Il tuo cammino di gloria ha segnato punte massime: il 23 maggio 1987, quando il Papa Giovanni Paolo II andò a inginocchiarsi sulla tua tomba ( se, una cinquantina d'anni addietro, qualcuno avesse ipotizzato una cosa simile, sarebbe stato detto "pazzo", perché eri stato messo in quarantena, con la proibizione di celebrare la messa in pubblico, di confessare i fedeli e di ricevere i tuoi figli spirituali) - i12 maggio 1999, allorché Giovanni Paolo II ti proclamò Beato; e, il 16 giugno 2002, quando ti dichiarò Santo, alla presenza di una folla immensa. Ma perché, tu uomo all'antica, hai suscitato e susciti ancora tanto fascino? Per esserti sforzato di essere un autentico Sacerdote di Gesú! Avevi capito che il Sacerdote dev'essere per eccellenza uomo di Dio e lo fosti; che il Sacerdote non dev'essere come gli altri e non lo fosti; che il destino del Sacerdote deve identificarsi con quello di Gesú e con Gesú ti identificasti; che il Sacerdote difficilmente riesce ad essere "alter-Christus ", senza una grande devozione alla Madonna e la coltivasti, recitandoLe tanti Rosari per asciugare le lacrime di chi piangeva, anche per fame; per lenire il dolore di chi soffriva, anche per la libertà; per cancellare l'amarezza di chi era tradito, anche nell'amore; per addolcire il lutto di chi era rimasto orfano, vedovo - e per cancellare lo strazio, la disperazione di chi aveva peccato.
Preghiera
- Padre Pio, aiuta anche noi ad essere autentici uomini di fede. Non è mai
troppo tardi per darci a Dio.

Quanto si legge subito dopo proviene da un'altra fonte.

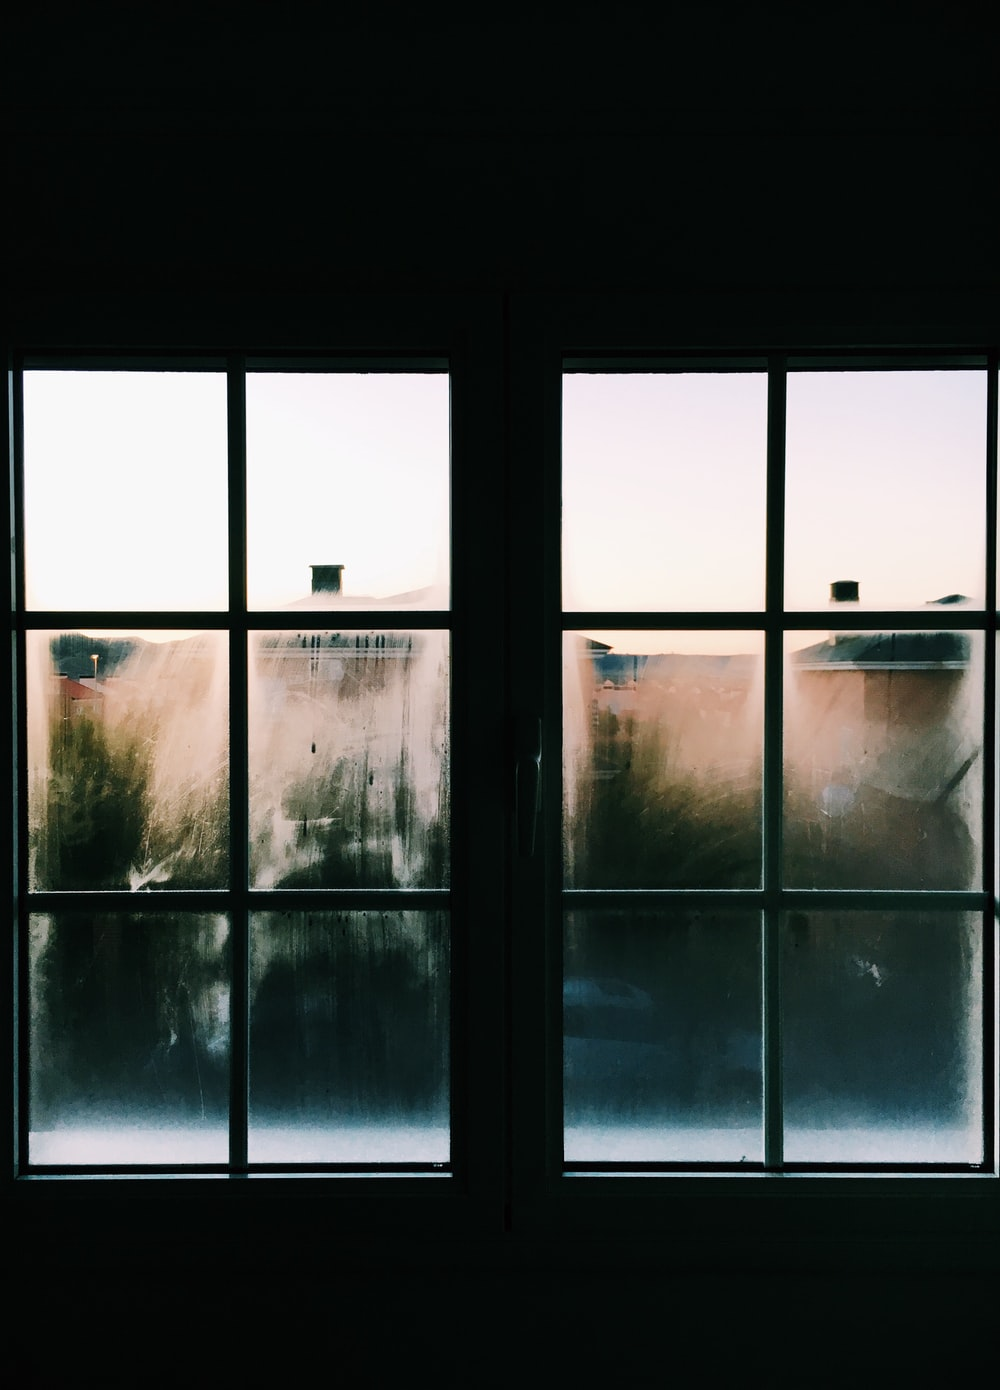 white steel window

Però, non dobbiamo aspettare la grande ora:
questa non arriva mai senza i piccoli minuti; né dobbiamo attendere la
grande occasione: rischieremmo la disoccupazione per
tutta la vita. (padre Pio).
3°
GIORNO - Pietra viva
Padre
Pio, il Signore ti fece dono di non pochi e singolari carismi, ma anche di molte
e cocenti prove da essi derivanti. Cosí fosti oggetto di molte incomprensioni.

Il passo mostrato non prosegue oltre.